The problem was the serving strategy we'd inherited from the ML team: static batching. Collect N requests, run them all together until every single one finishes generating, then collect the next batch. It seemed sensible. It was destroying throughput.
The paper that diagnosed this precisely — and fixed it — is "Orca: A Distributed Serving System for Transformer-Based Generative Models," Gyeong-In Yu, Joo Seong Jeong, Geon-Woo Kim, Soojeong Kim, and Byung-Gon Chun, from Seoul National University, presented at OSDI 2022. The core contribution is called iteration-level scheduling, now commonly referred to as continuous batching. It's the technique that underpins every modern LLM serving system: vLLM, TGI, TensorRT-LLM, SGLang. If you're running LLMs in production, you're using this whether you know it or not.
The problem with static batching
To understand why static batching fails, you need a precise model of what "batching" means for autoregressive inference.
During the prefill phase, the model processes the entire input prompt in a single forward pass — this is embarrassingly parallelizable and GPU-efficient. During the decode phase, the model generates one token per forward pass, autoregressively, until it hits an end-of-sequence token or a maximum length. The decode phase is where serving systems spend most of their time.
Static batching groups requests together at the request level: wait until you have N requests, start them all at the same time, and run the decode loop until all N have completed. Then start the next batch.
The failure mode is immediate: requests generate different numbers of tokens. A request for a one-sentence summary might finish in 15 tokens. A request for a detailed analysis might run to 800. With static batching, every request in the batch must wait for the longest one to finish before any slot opens up. Your 15-token request — done in 200ms — sits idle for 9 more seconds while the 800-token request grinds through. The GPU is executing forward passes, but many sequences in the batch are either waiting for others to finish (waste) or padding is consuming cycles (waste).
The paper quantifies this precisely. With a trace of real LLM serving workloads, the output length distribution is heavy-tailed: most requests are short, but some are very long. Static batching forces you to schedule around the tail. Mean GPU utilization under realistic workloads: roughly 40%.
There's a second failure mode: inter-batch gaps. While you're waiting to accumulate the next batch of N requests, the GPU sits idle. High-QPS systems minimize this, but it compounds the waste.
Iteration-level scheduling
Orca's fix is conceptually simple: instead of scheduling at the request boundary, schedule at the iteration boundary — after every single decoding step.
After each forward pass, the scheduler runs:
- Check which sequences just generated an EOS token or hit
max_new_tokens. Remove them from the batch. - Check how many slots just opened up.

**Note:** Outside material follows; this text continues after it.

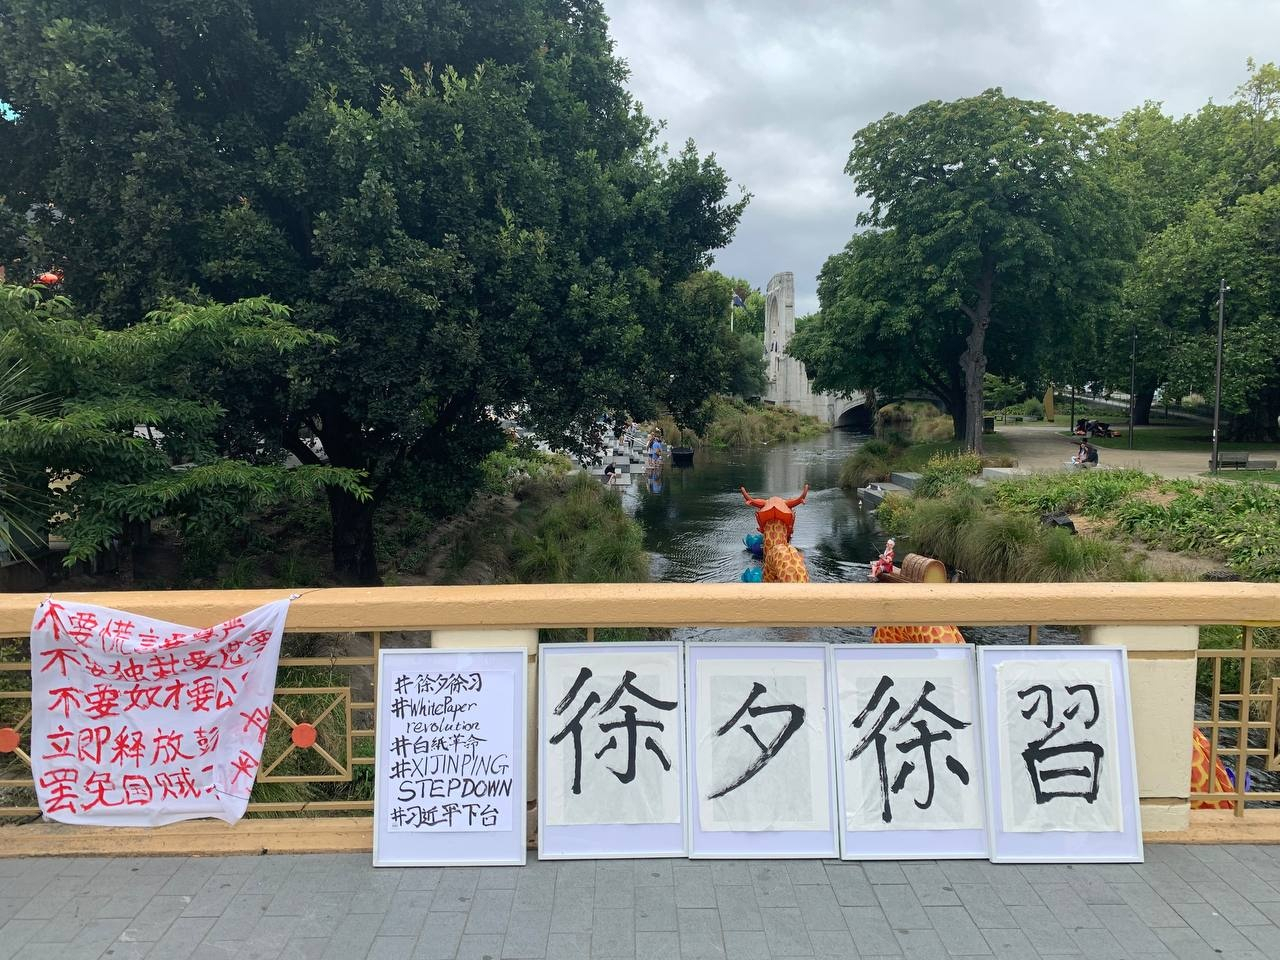 Signs that read “Xi Jinping step down” are posted at the white-paper protest site in Christchurch, New Zealand, on Saturday. (courtesy of reader)

- Pull that many requests from the waiting queue and add them to the active batch.
- Run the next forward pass with the updated batch.
No request waits for another request to finish. The moment a short request completes, a waiting request takes its slot. The GPU is never idle between batches because there's no batch boundary — just a continuous stream of iteration steps with slots being filled and emptied dynamically.
The paper calls the size of the active set the batch size, which is now a live variable rather than a fixed hyperparameter. The scheduler can also enforce a maximum concurrent request count to bound KV cache memory usage.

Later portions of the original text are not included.